Зато в Соединённых Штатах Америки такое развитие событий только радовало руководство. Американский Белый дом внес в Конгресс США «Билль о поддержке свободы в России – 1992», который предусматривал оказание Соединенными Штатами помощи России и другим бывшим советским республикам. Представляя законопроект, президент США Дж. Буш сказал: «Революция в новых независимых государствах – это поворотный момент истории, который будет иметь глубокие последствия для национальных интересов Америки. Никогда еще в этом веке ставки для нас не были столь высоки. Страна, которая была нашим противником на протяжении 45 лет, которая представляла угрозу свободе и миру во всем мире, сегодня стремится присоединиться к сообществу демократических государств. Победа демократии и свободы в бывшем СССР дает возможность построить новый мир для наших детей и внуков. Однако если эта демократическая революция потерпит поражение, мы можем оказаться в мире, который в некоторых отношениях будет более опасным, чем темные годы холодной войны». В другом выступлении он заявил: «Демократы в Кремле способны гарантировать нашу безопасность гораздо надежнее, чем это делали ядерные ракеты».
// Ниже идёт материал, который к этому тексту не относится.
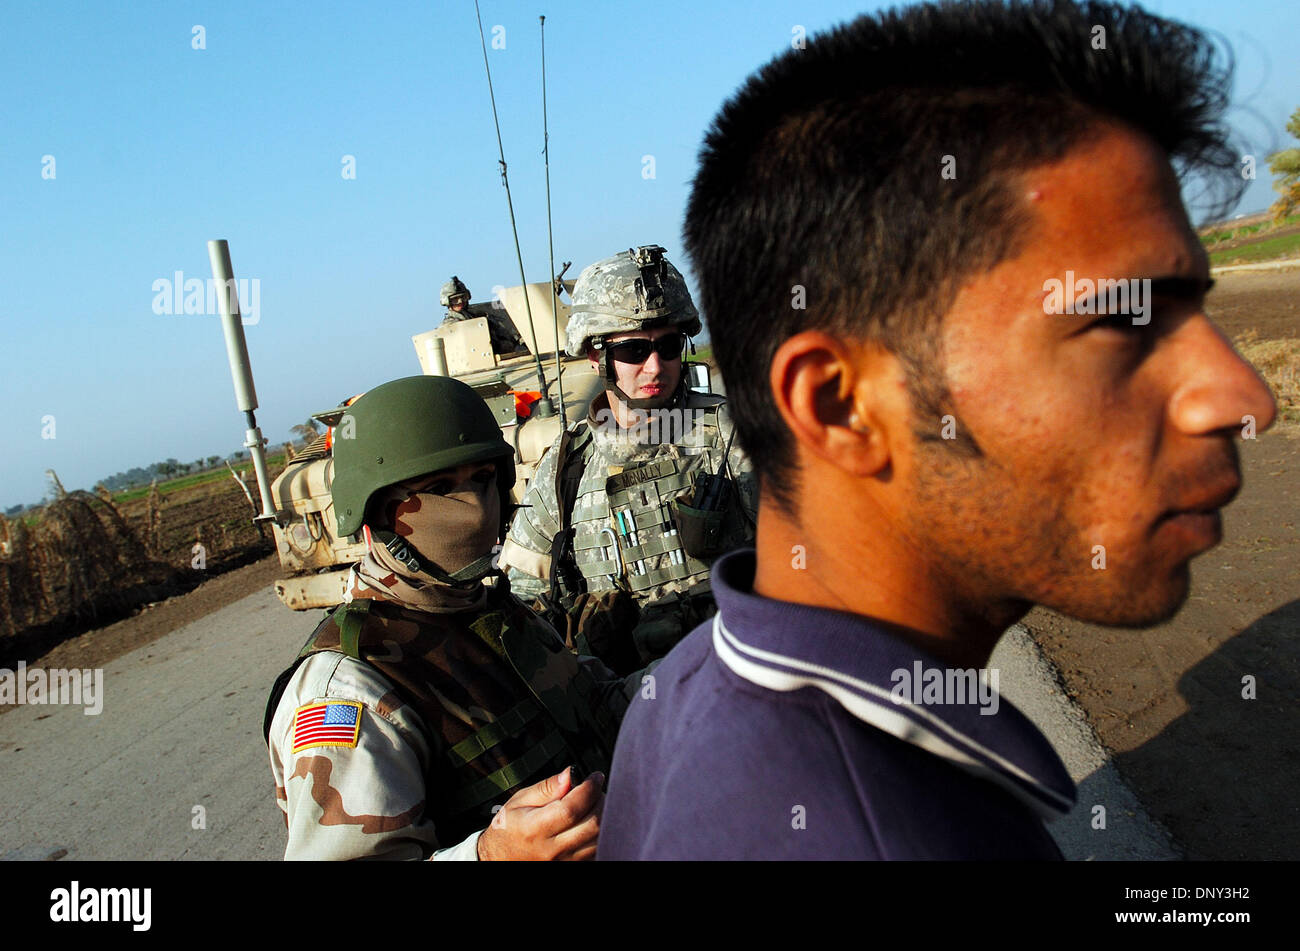 Jan 14, 2006; Abu Ghraib, Baghdad, IRAQ; An American Army interpreter asks an Iraqi man about his job with 1st Lt. KURT MCNALLY during a traffic stop on a country road north of Abu Ghraib, Iraq, Jan. 14, 2006. The man said he was a taxi driver in Baghdad. McNally is a platoon leader in Co. A, 2nd of the 22nd Infantry, 10th Mountain Division. Mandatory Credit: Photo by Bill Putnam/Z Stock Photo
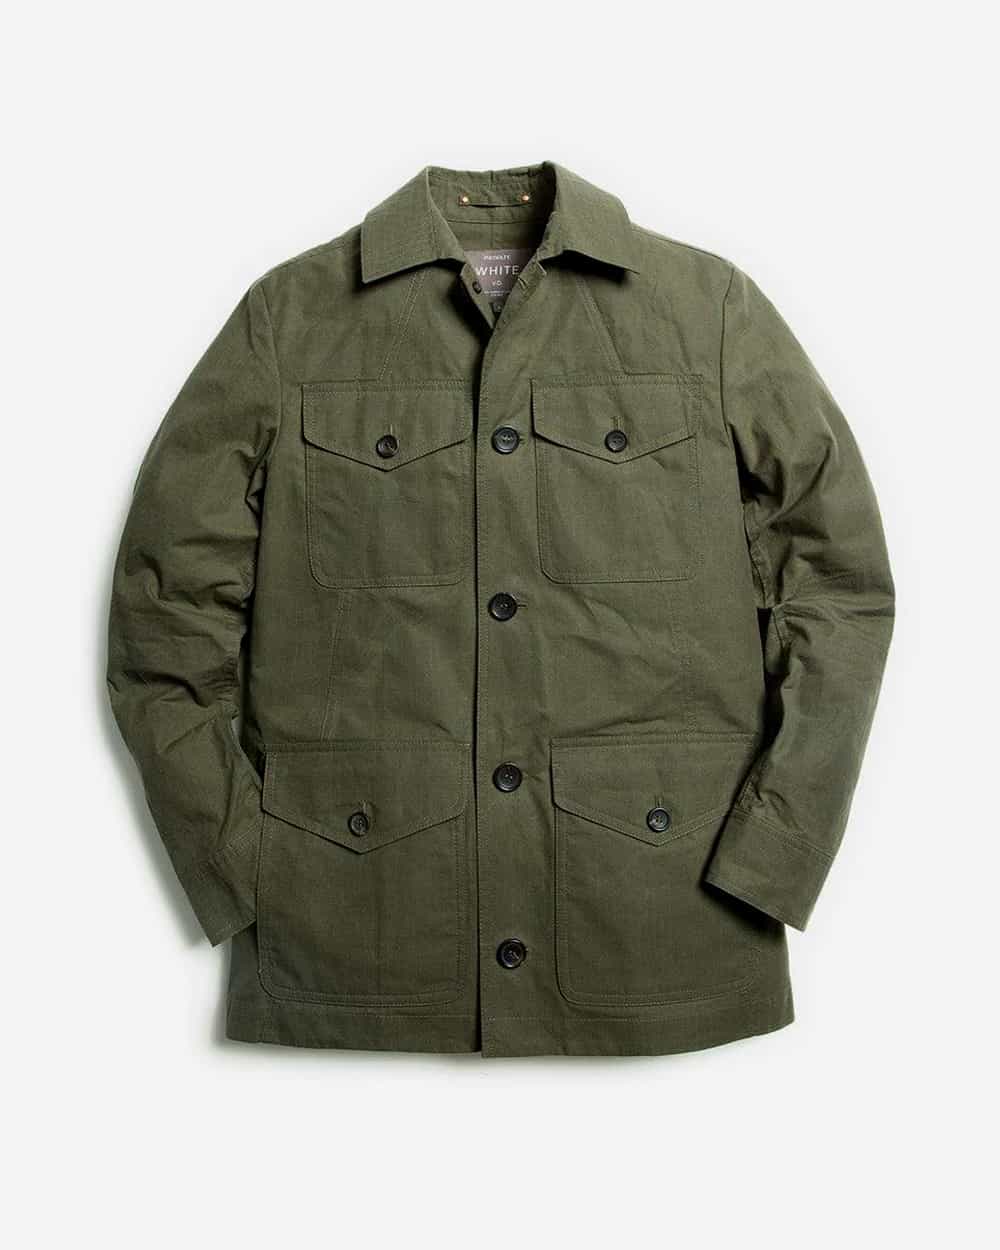 The Best M65 Field Jacket Guide You'll Ever Read (2023)

В таких условиях начиналось правление Ельцина, которое ещё слабо чувствовали на Шпицбергене. Распущенная и запрещённая президентом Российской Федерации коммунистическая партия распалась на несколько организаций, не согласных друг с другом в дальнейшей тактике ведения борьбы за овладение сознанием масс. К этому времени завершился начатый в мае «суд над КПСС» – проверка Конституционным судом конституционности указов Ельцина о запрете КПСС. Суд принял компромиссное решение: разрешил восстановить коммунистическую партию, но признал законным роспуск руководящих структур КПСС и конфискацию большей части ее имущества – государственного имущества, которым якобы незаконно пользовалась партия. Поэтому почти стихийно на базе различных движений в стране начали создаваться другие коммунистические партии.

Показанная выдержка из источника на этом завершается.